→ DATA SEGMENT
· · ·
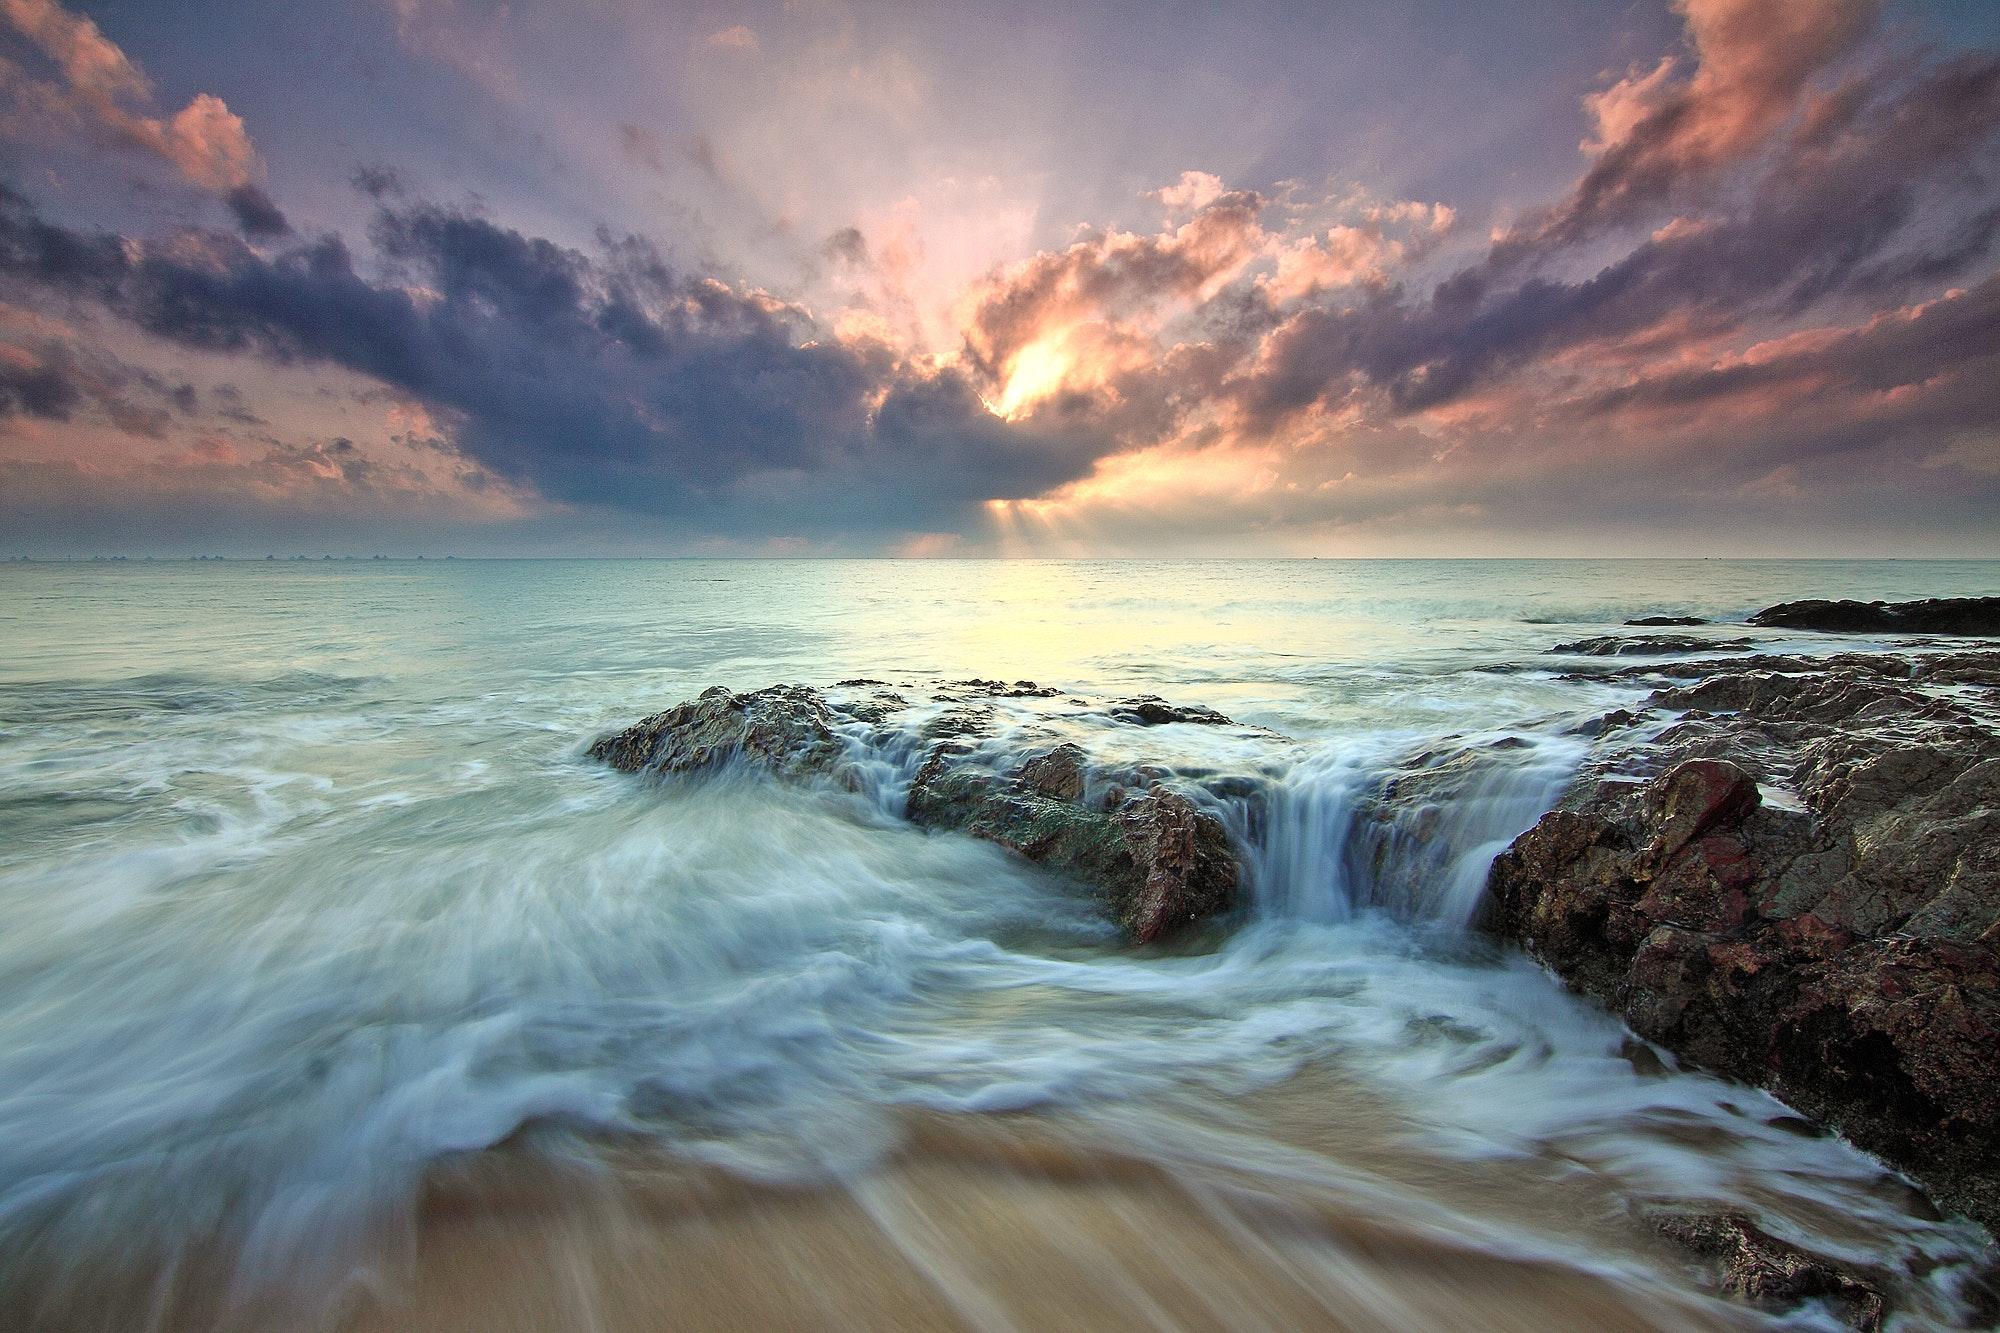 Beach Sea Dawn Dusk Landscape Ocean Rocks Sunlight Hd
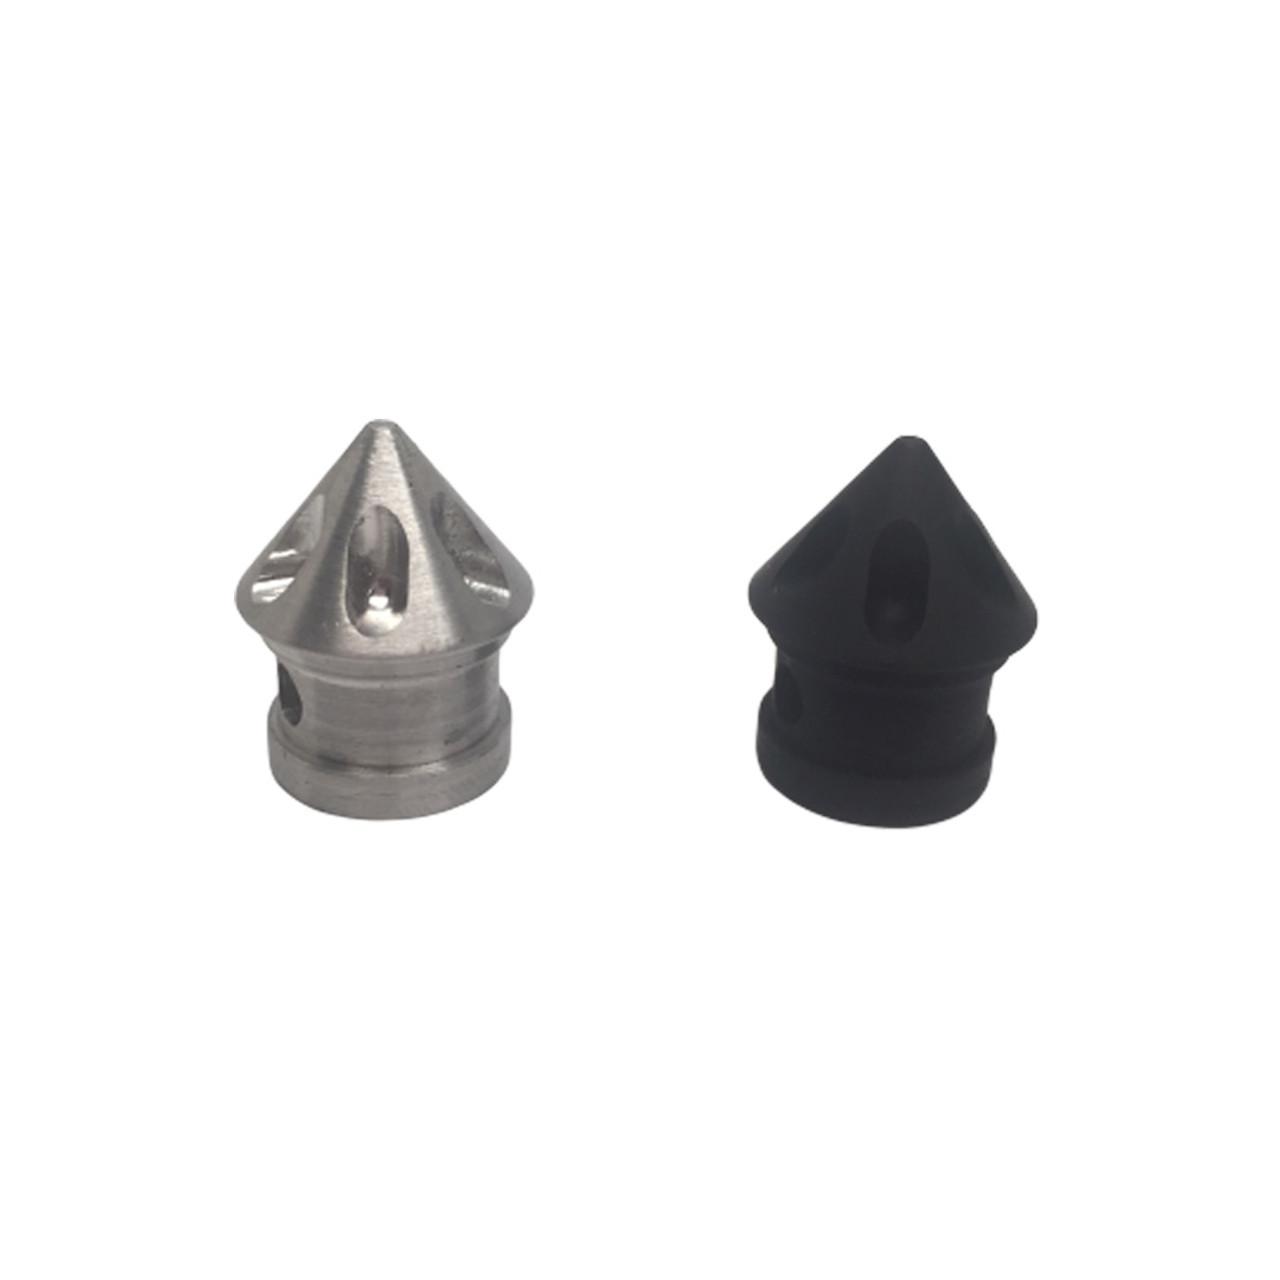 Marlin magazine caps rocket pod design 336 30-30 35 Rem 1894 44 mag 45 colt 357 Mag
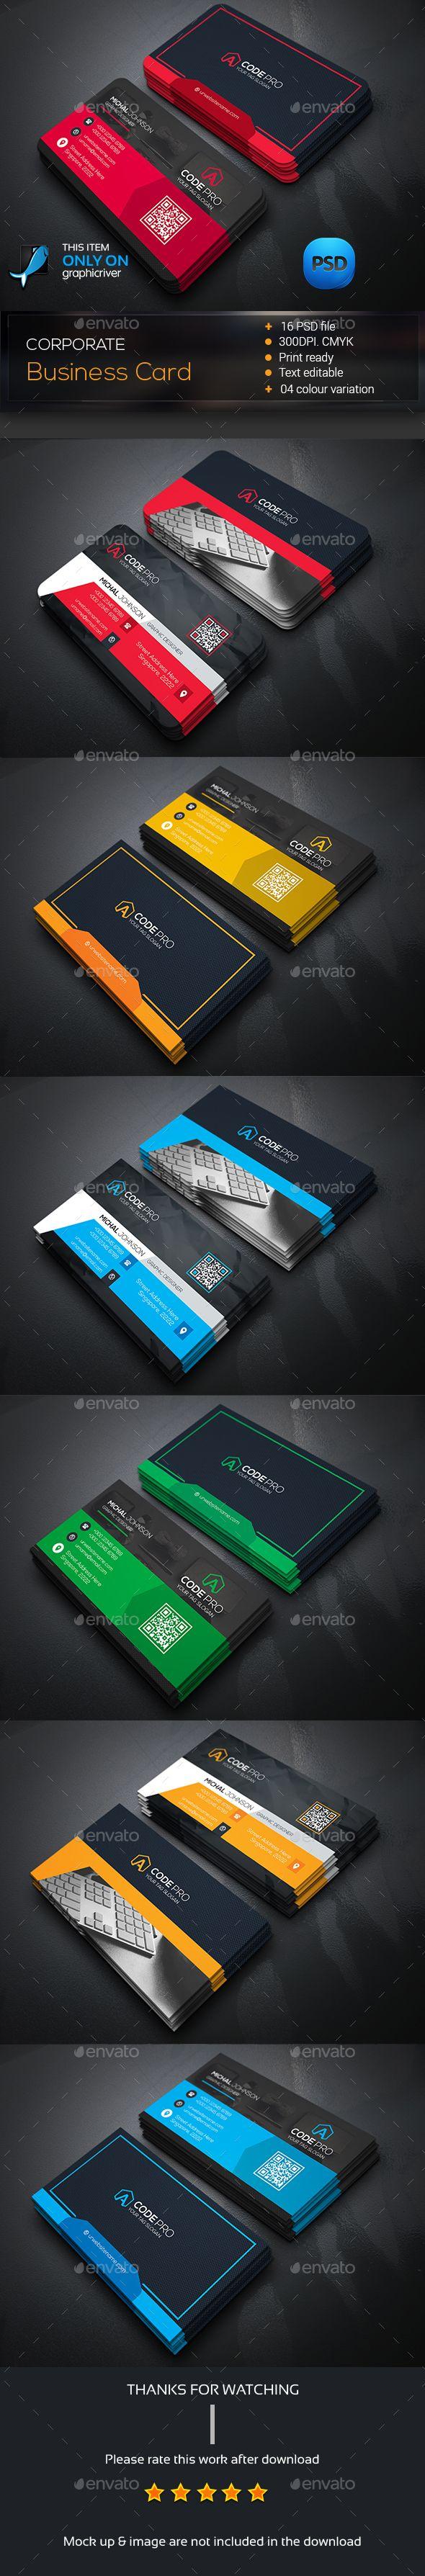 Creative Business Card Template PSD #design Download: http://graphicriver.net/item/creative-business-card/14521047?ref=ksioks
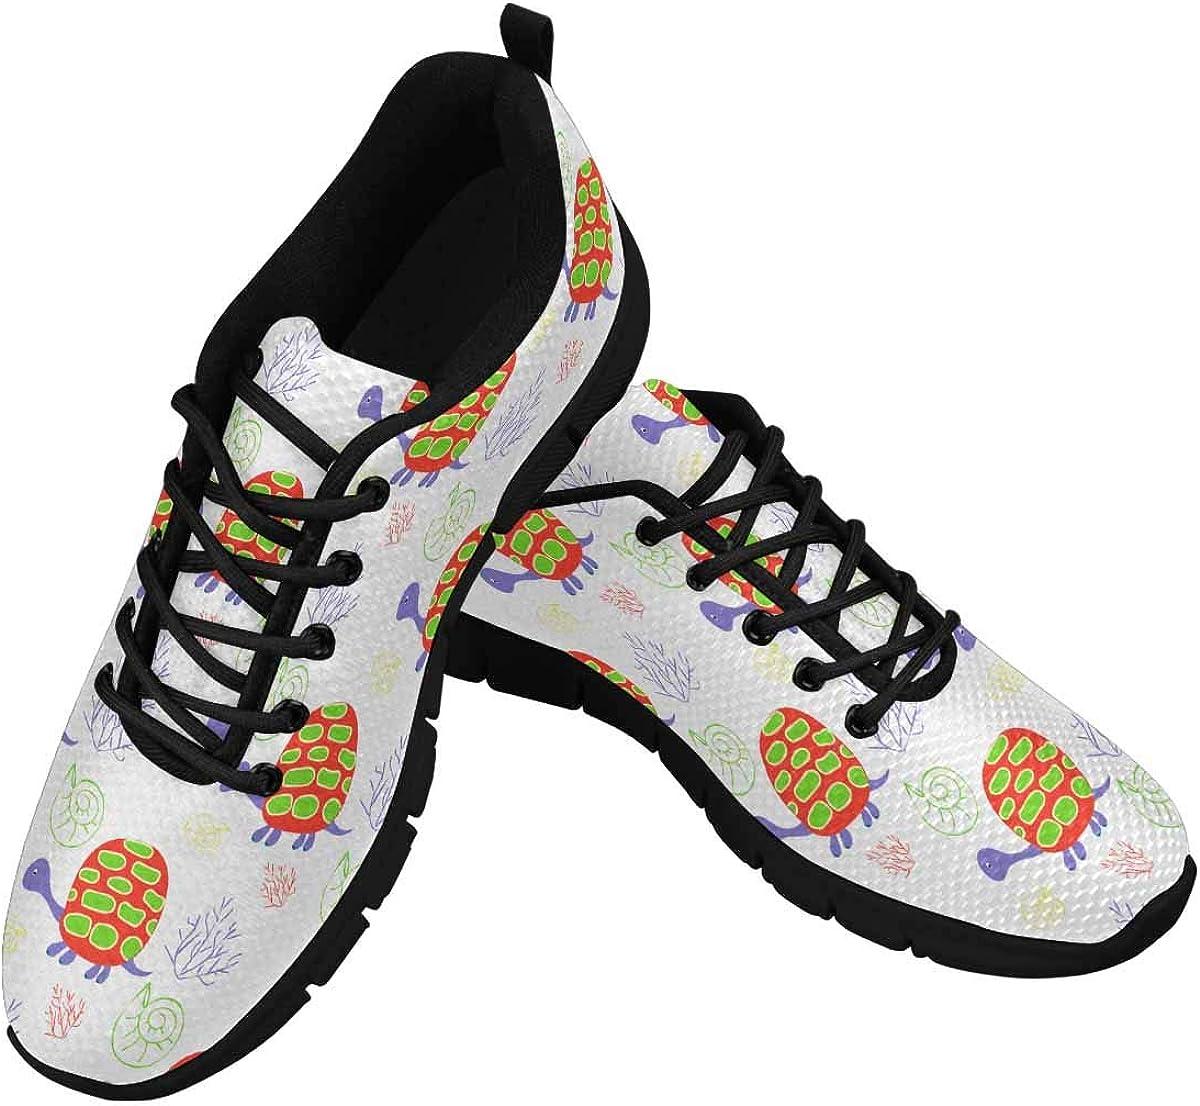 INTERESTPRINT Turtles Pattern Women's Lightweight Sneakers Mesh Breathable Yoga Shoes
· · ·
→ YOUR TASK
Where a picture appears, skip it; repeat everything else in the data exactly.

→ SOLUTION TO THIS TASK
 Beach Sea Dawn Dusk Landscape Ocean Rocks Sunlight Hd
 Marlin magazine caps rocket pod design 336 30-30 35 Rem 1894 44 mag 45 colt 357 Mag
 Creative Business Card Template PSD #design Download: http://graphicriver.net/item/creative-business-card/14521047?ref=ksioks
 INTERESTPRINT Turtles Pattern Women's Lightweight Sneakers Mesh Breathable Yoga Shoes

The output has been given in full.